**PROBLEM REQUIREMENTS**
Return each line of the listing below, unchanged, and omit the images.

====== RECORDED INFORMATION

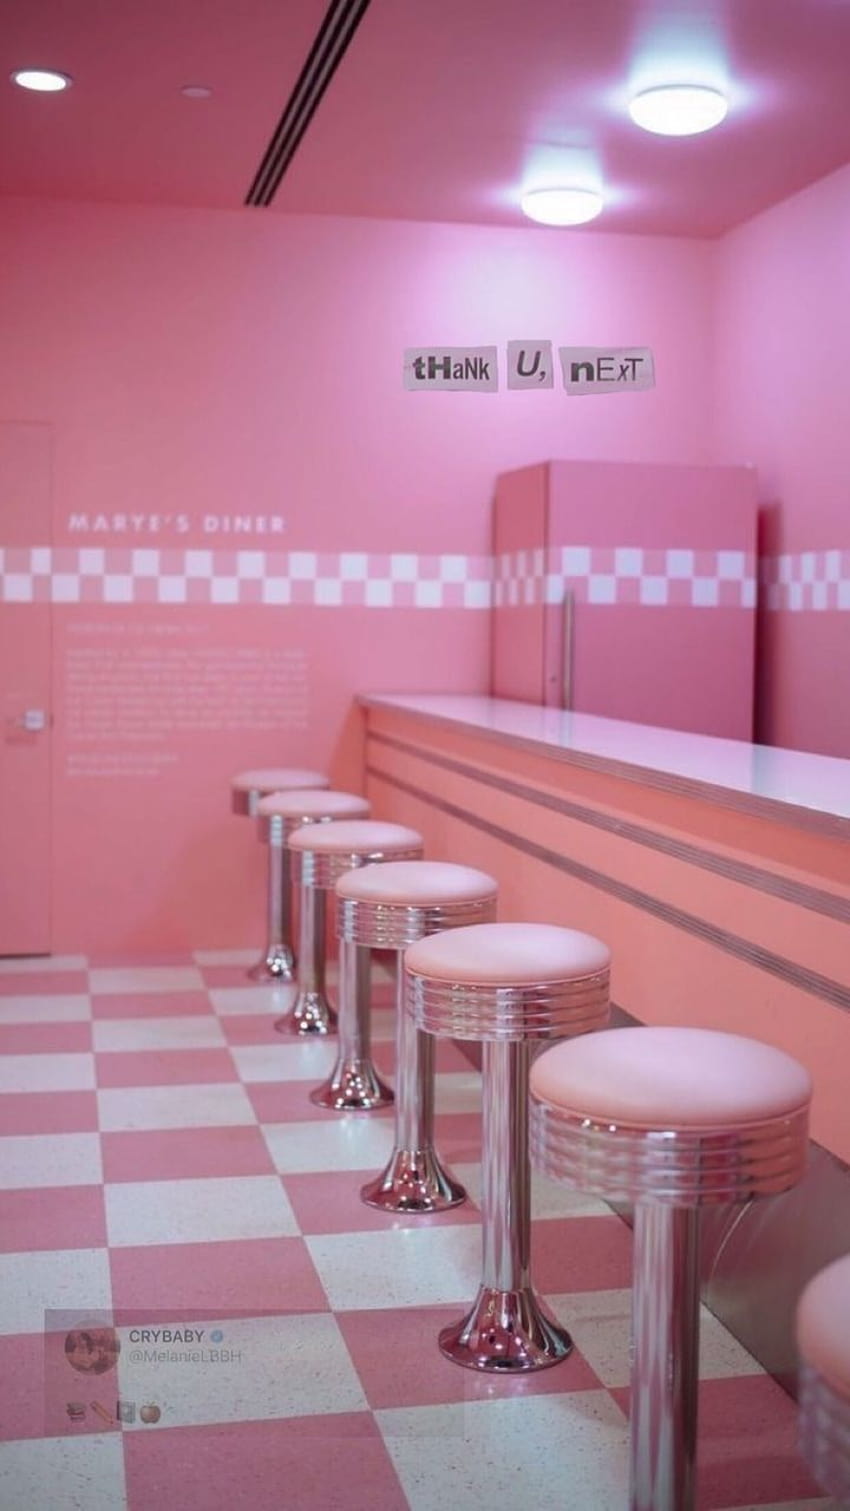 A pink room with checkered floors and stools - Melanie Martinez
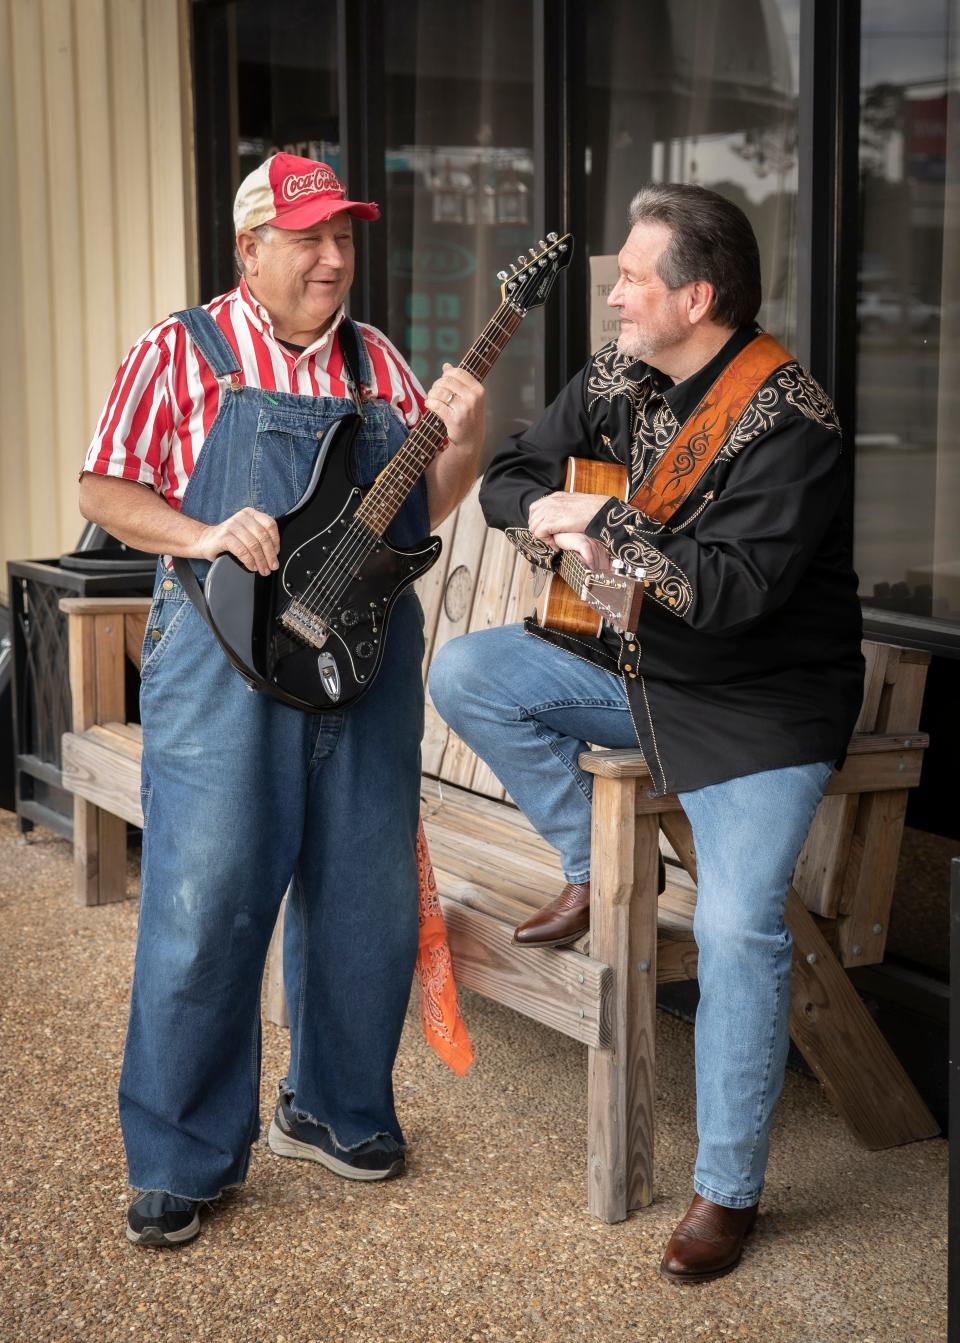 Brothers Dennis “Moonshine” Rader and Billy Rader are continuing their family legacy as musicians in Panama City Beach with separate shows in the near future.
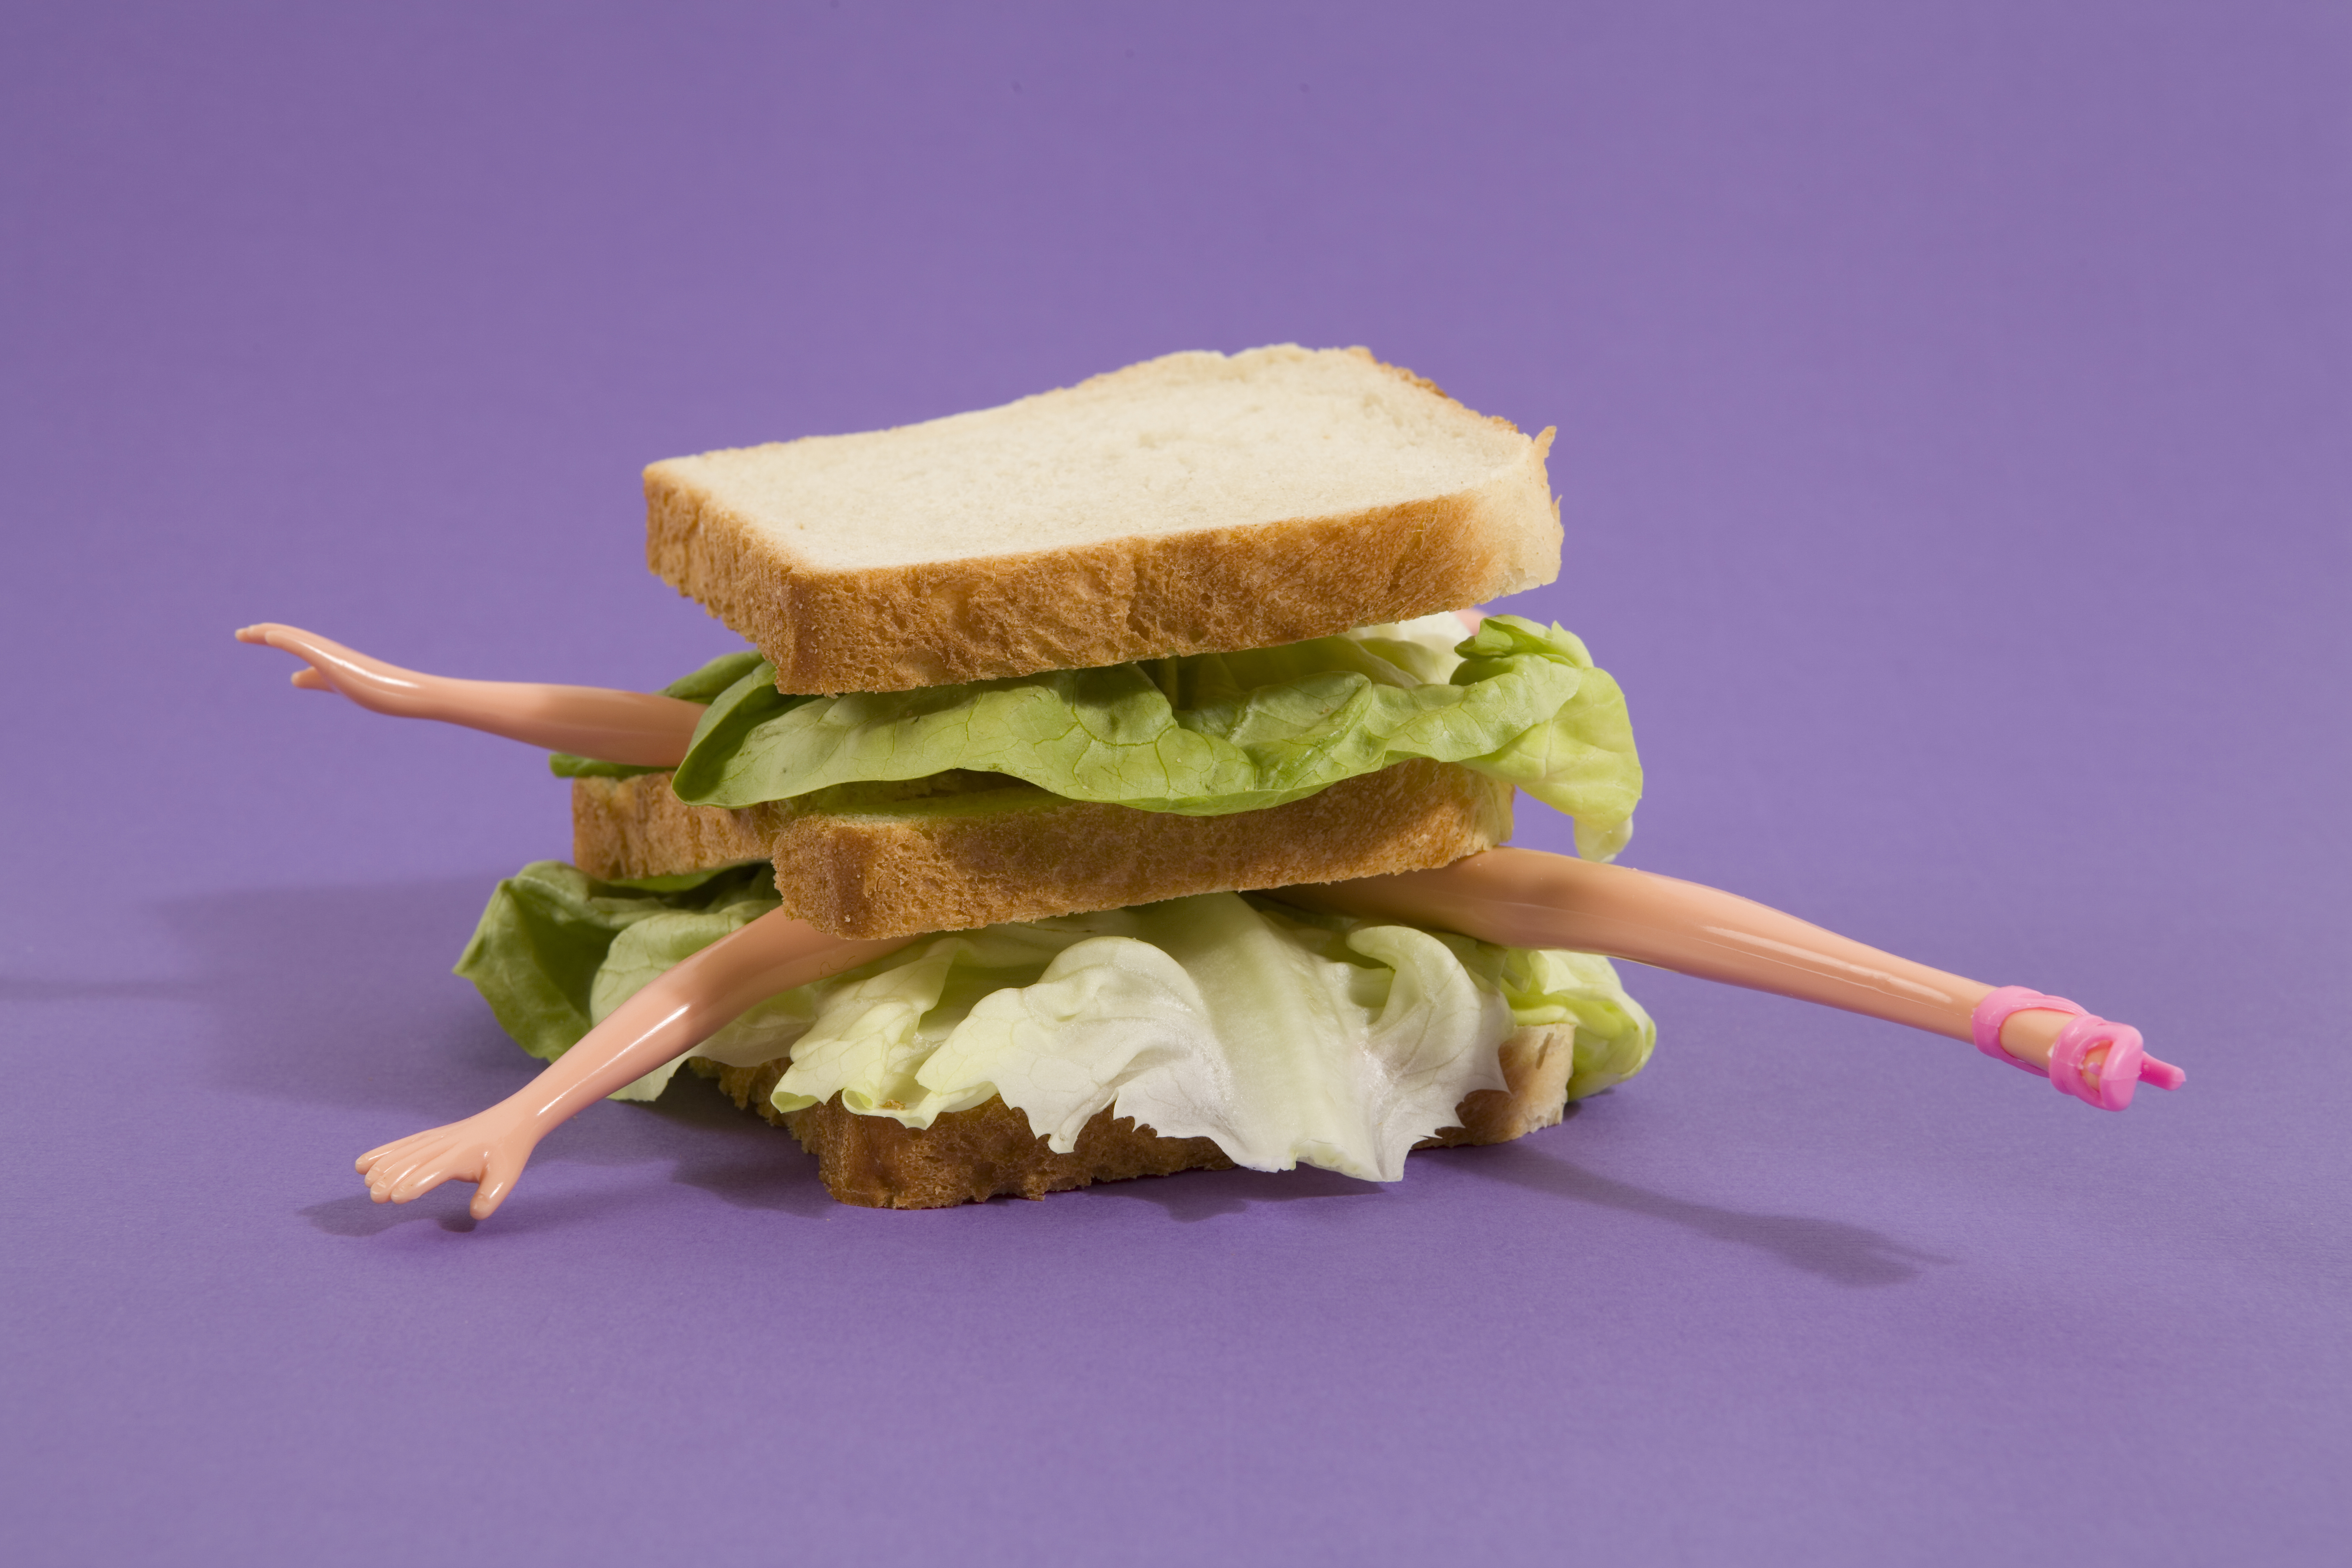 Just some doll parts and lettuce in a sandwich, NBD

============

**RESULT OF THIS EXERCISE**
 A pink room with checkered floors and stools - Melanie Martinez
 Brothers Dennis “Moonshine” Rader and Billy Rader are continuing their family legacy as musicians in Panama City Beach with separate shows in the near future.
 Just some doll parts and lettuce in a sandwich, NBD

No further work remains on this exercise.